Mr. Binnie delivered his report about three months ago. It was released on Thursday. He recommended compensation and said police made "egregious errors" that led to the conviction.

In a statement on Thursday, Ms. Collins said the report unfairly maligned police and prosecutors and considered inappropriate evidence. She also accused the former judge of being ignorant of her country's legal regime and producing a report that "lacked a robustness of reasoning used to justify its conclusions."

In a blistering retort, Mr. Binnie said that a New Zealand lawyer whom Ms. Collins asked to conduct a peer review of his work misunderstood the Bain case and the report. He said the review was undertaken purely to provide a rationale for rejecting it.

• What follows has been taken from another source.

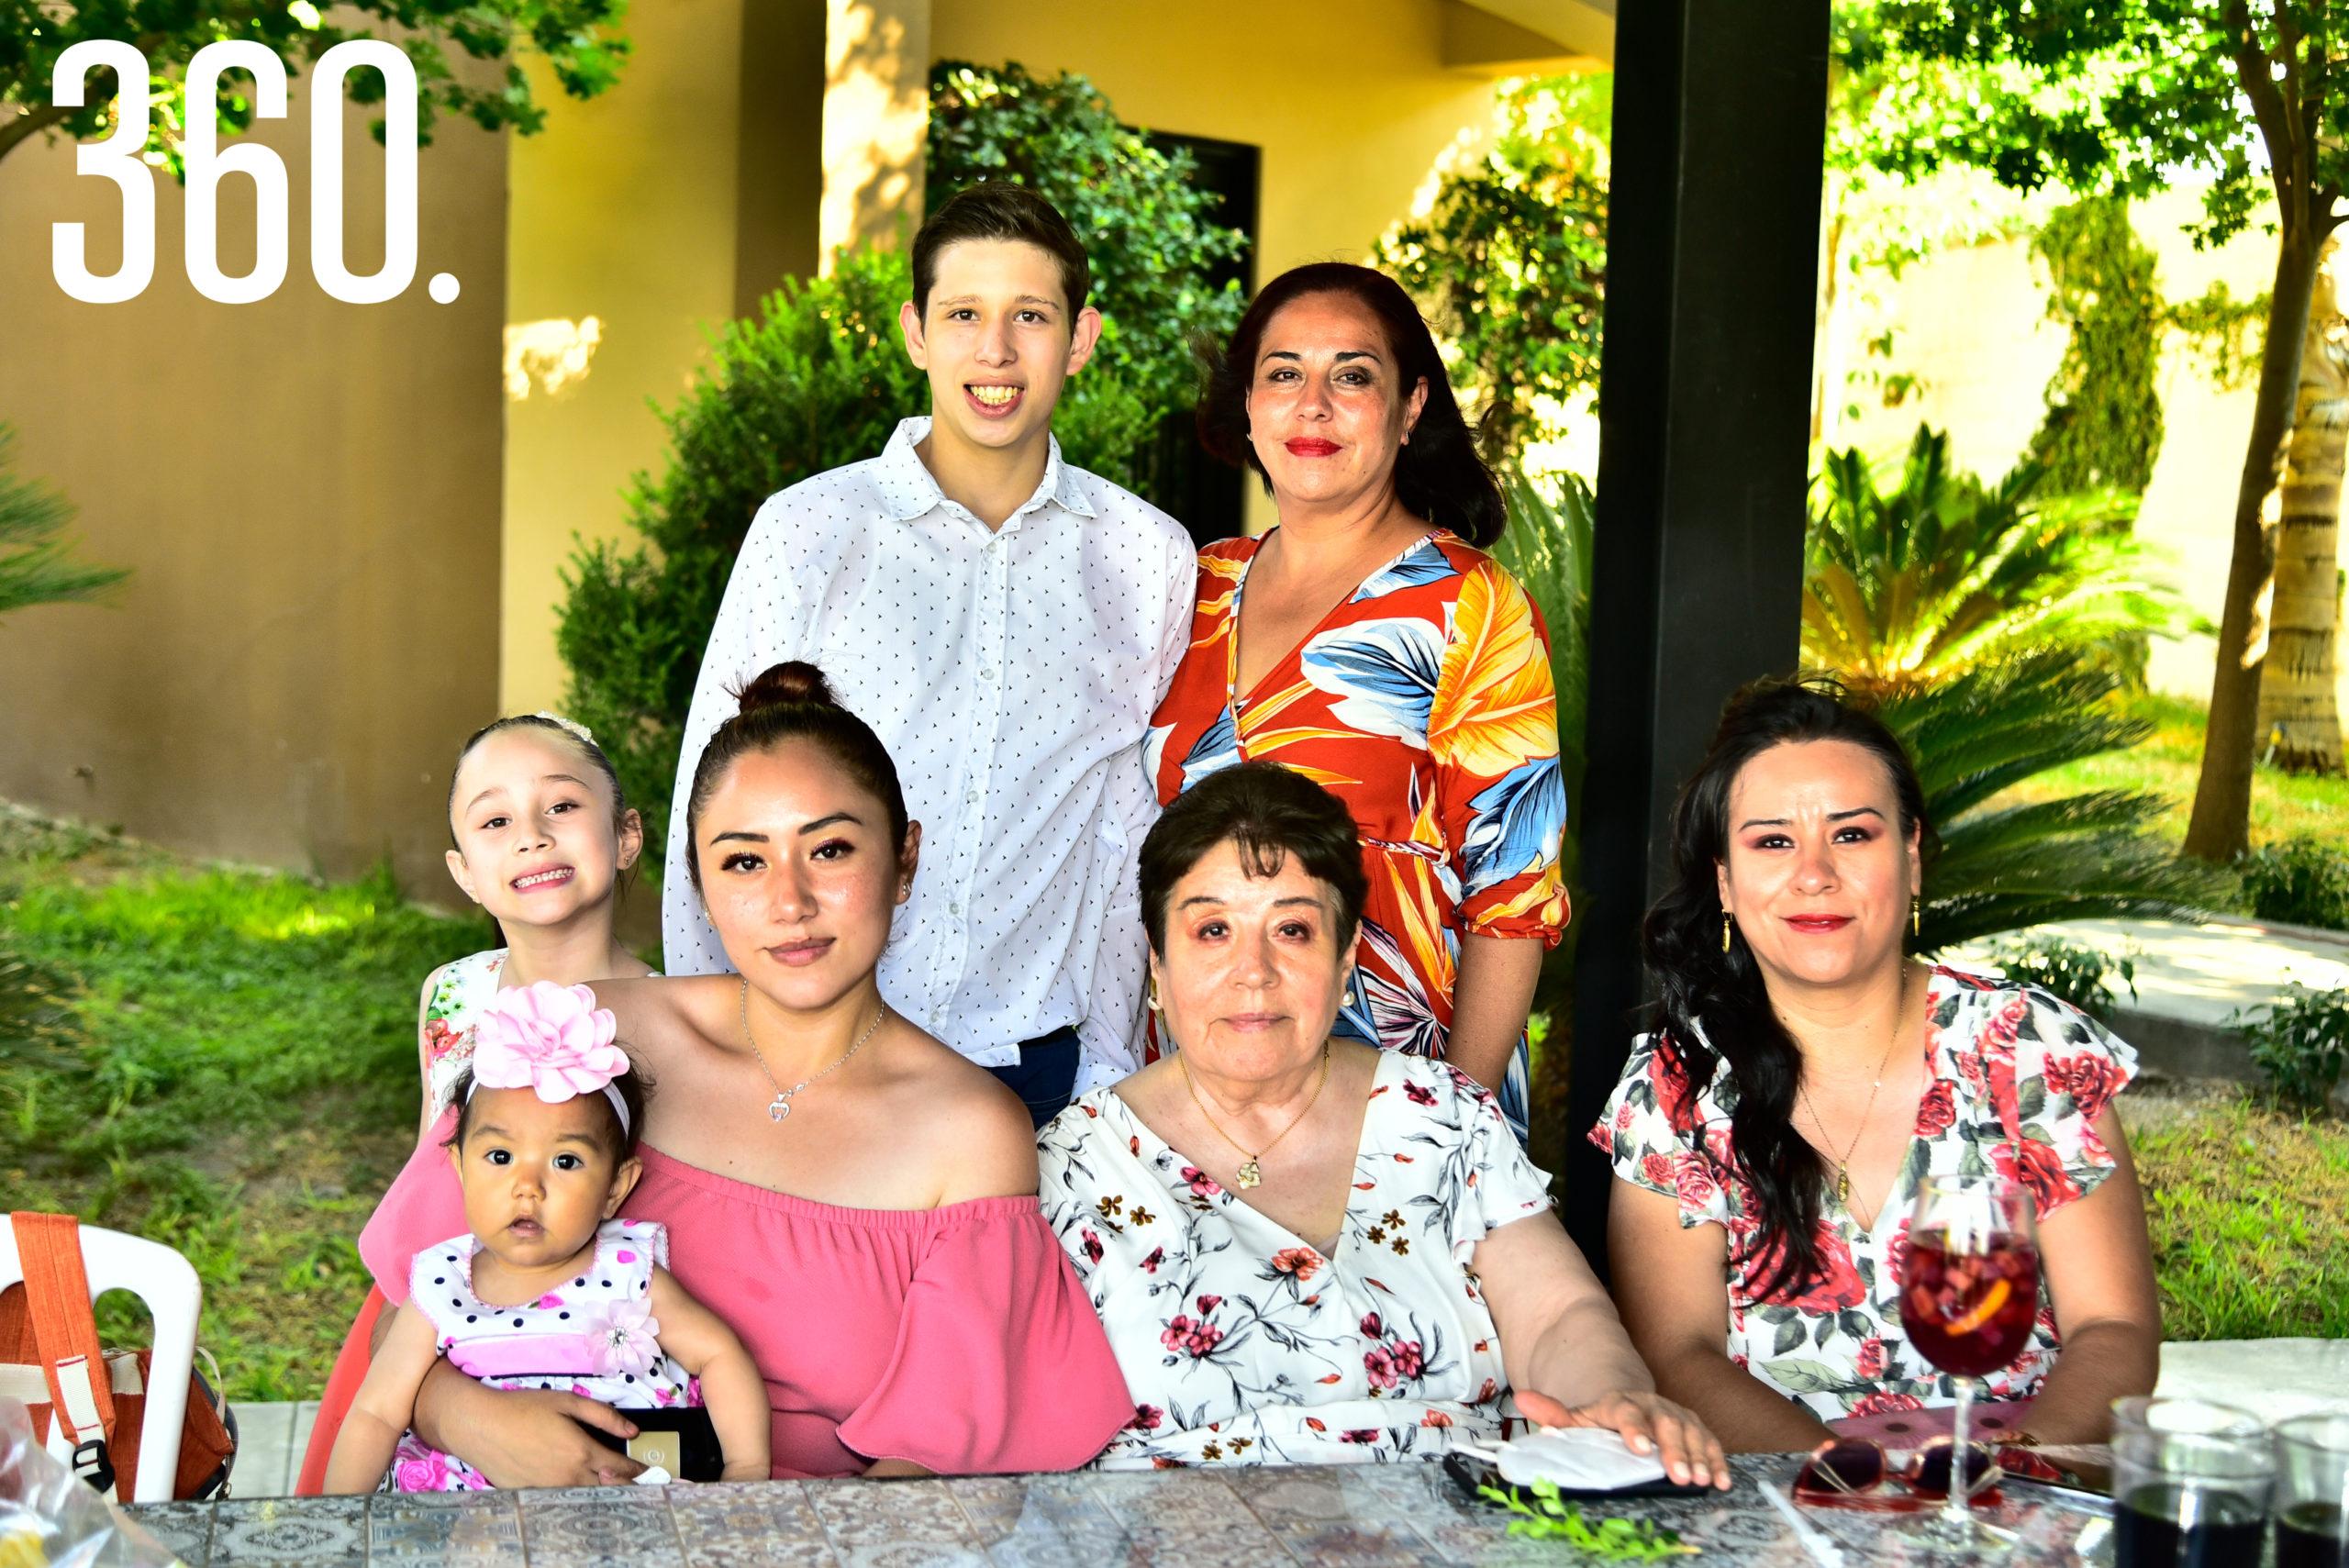 Rommel Valenzuela, Liliana Martínez, Iranís Valenzuela, Ángela Solís, Liliana Valenzuela, María Beatriz y Daniela de la Paz.

Mr. Binnie also mocked Ms. Collins for asking the country's solicitor-general to undertake a critique of his report. He questioned the independence of the solicitor-general's office in the matter, saying it had struggled for 17 years to uphold the case, which has proven to be a miscarriage of justice.

Mr. Binnie said it was "most improper" for Ms. Collins – whose government was his client – to denounce his work and then say he could not respond without violating solicitor-client privilege.

The Bain case has divided New Zealanders into two camps: those who believe Mr. Bain was persecuted by a myopic justice system and those who believe he pinned the murder spree on his dead father and got away with it.

Mike Hosking, host of New Zealand's highest-rated radio show, on Newstalk Z, said the murders and the legal wrangling that followed are the stuff of Hollywood scripts.

"It is our most controversial and significant case and remains, for many people, unresolved," Mr. Hosking said. "It is a classic whodunit. People remain divided and entrenched in their views."

Speaking at a University of Toronto criminology conference last month, Mr. Binnie was sarcastic about the way his assignment began.

"There were two words of advice," he said. "The first was that whatever I say isn't going to change anybody's mind. And the second was, I should deliver my report on the way to the airport – preferable throwing it back over the security barrier just before the plane left."

At the conference, Mr. Binnie described the family as "very introverted and reliant on one another, and somewhat weird."

He noted that no motive was ever furnished for Mr. Bain to have killed his family. In contrast, he said, evidence had showed that one of the sisters intended to confront her father, Robin, with allegations that he had been molesting her for years.